Duration for which the switching signal (18) is applied to the switching array (5), by means of which the pixel or sub-pixel defect data supplied by the programming device (4) is predetermined such that the image of the pixel or sub-pixel defect is dependent on the horizontal synchronization signal (9) and vertical synchronization signal (8) appears at a predetermined position on the screen (7).

3. Circuit arrangement for the simulation of pixel or sub-pixel defects occurring in matπxaddressed displays consisting of - A video data processing unit (2) which generates a RGB signal (10), a horizontal synchronization signal (9) and a vertical synchronization signal (8) from a video data stream representing the video images to be displayed, the R-GB signal (10) via a switching array (5 ) is applied to a screen control circuit (6) which controls the screen (7) as a function of the horizontal synchronization signal (9) and the vertical synchronization signal (8),

- A programmable pixel defect simulation unit (3), which generates an R ^' -G ^' -B ^' signal (1 1) from the pixel or sub-pixel defect data supplied by a programming device (4), which represents the pixel or sub-pixel defect, the programmable Pixel defect simulation unit (3) generates a switching signal (18) from the pixel or sub-pixel defect data supplied by the programming device (4) as a function of time on the horizontal synchronization signal (9) generated by the video data processing unit (2) and the vertical synchronization signal (8) so that the switching array (5) controls, such that the switching array (5) switches its inputs to the R ^' - G'-B ^' signal (1) generated by the programmable pixel defect simulation unit (3) and the time for Generation of the switching signal (18) and the duration for which the switching signal (18) is applied to the switching array (5) by the one supplied by the programming device (4) Pixel or sub-pixel defect data is specified in such a way that the image of the pixel or sub-pixel defect appears as a function of time from the horizontal synchronization signal (9) and vertical synchronization signal (8) at a predetermined point on the screen (7).

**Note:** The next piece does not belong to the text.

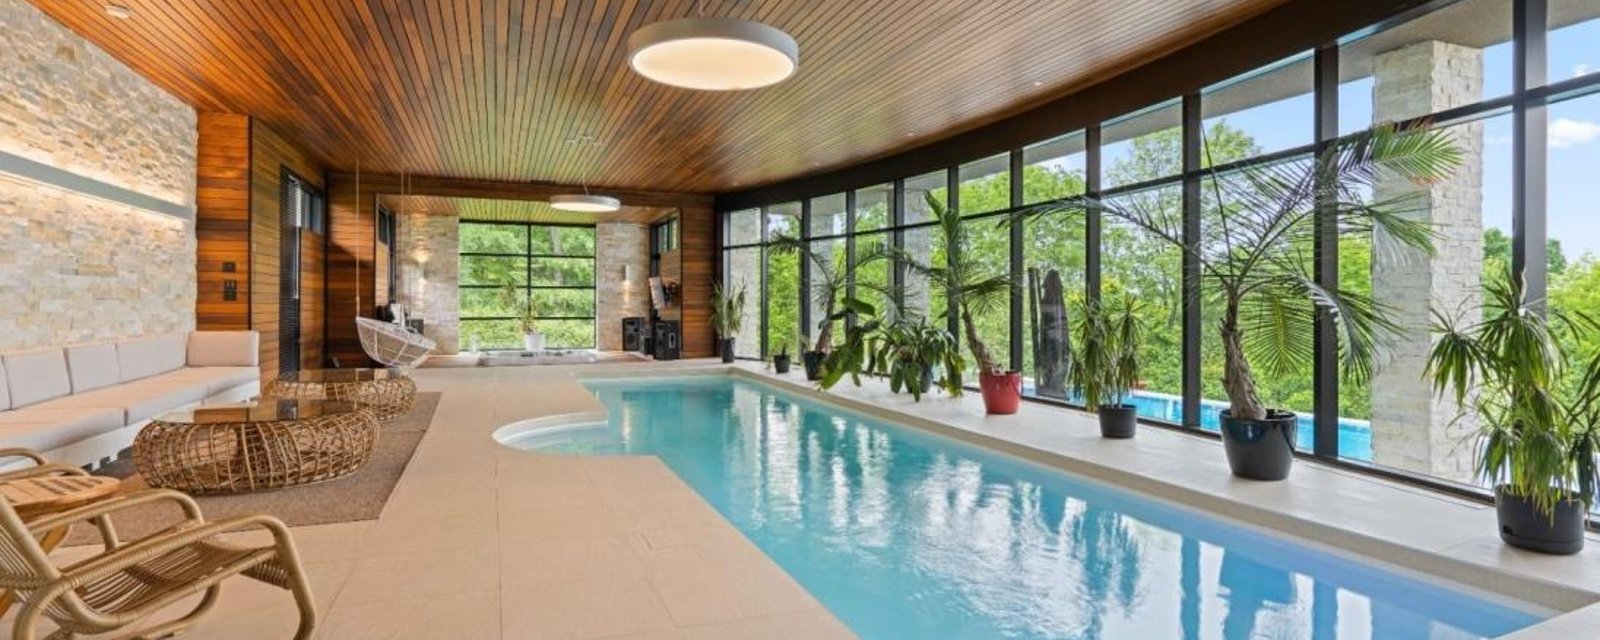 Il n'y a pas que la piscine intérieure qui impressionne dans cette résidence
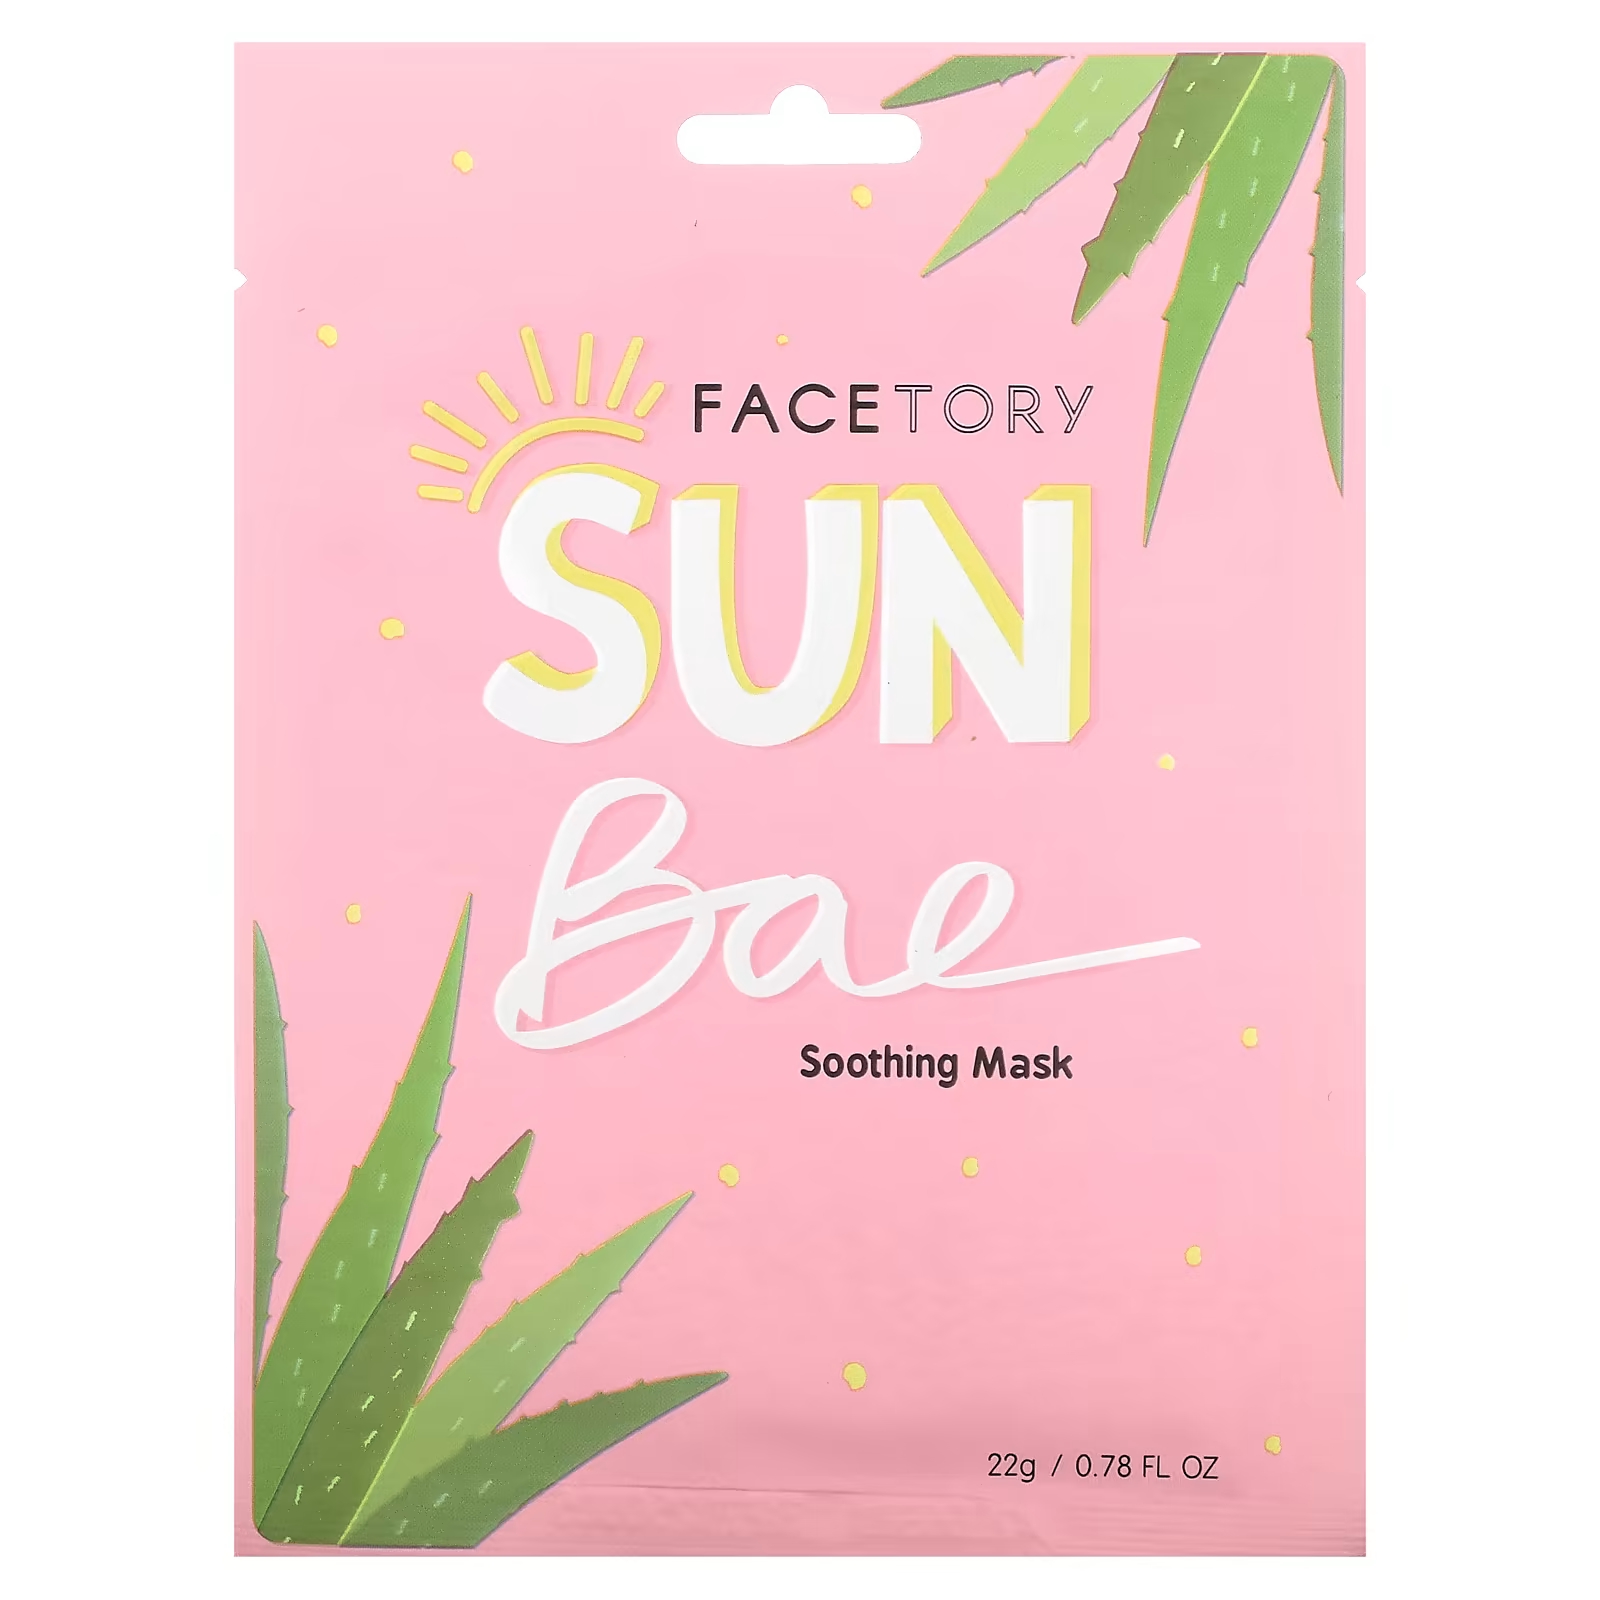 Успокаивающая косметическая маска FaceTory Sun Bae, 22 гр. успокаивающая косметическая маска facetory sun bae 22 гр

Circuit arrangement according to claim 3, wherein the programmable pixel defect simulation unit (3) is connected to a programming device (4) and at least one memory (12) at least one comparator (13) at least one counter (14) at least one clock generator (15) at least one pixel defect Generator (16) and at least one switching signal generator (17), wherein

the programming device (4) generates pixel or sub-pixel defect data and transfers it to the memory (12),

the pixel or sub-pixel defect data contain a first part which represents the pixel or sub-pixel defect and a second part which represents the location on the screen (7) at which the pixel or sub-pixel defect is displayed,

- The memory areas that contain the first part of the pixel or sub-pixel defect data with the pixel defect generator (16) and the memory areas that contain the second part of the pixel or

Contain sub-pixel defect data, are connected to a comparator (13),

- The pixel defect generator (16) generates an R ^' -G ^' -B ^' signal (1 1) at its output - the comparator (13) the counter value of the counter (14), which the

Counts clock signals of the clock generator (15) synchronized to the horizontal synchronization signal (9), compares them with the second part of the pixel or sub-pixel defect data and, if they match, controls the switching signal generator 17, which then outputs a switching signal 18,

- The counter (14) in synchronization with the horizontal synchronization signal (9) and vertical synchronization signal (8) is set to a predetermined value at the beginning of the display of a video image. Circuit arrangement according to claim 4, characterized in that the at least one memory (12), the at least one comparator (13), the at least one counter (14), the at least one clock generator (15), the at least one pixel defect generator (16) and the function of the at least one switching signal generator (17) is simulated in its function by a microcomputer.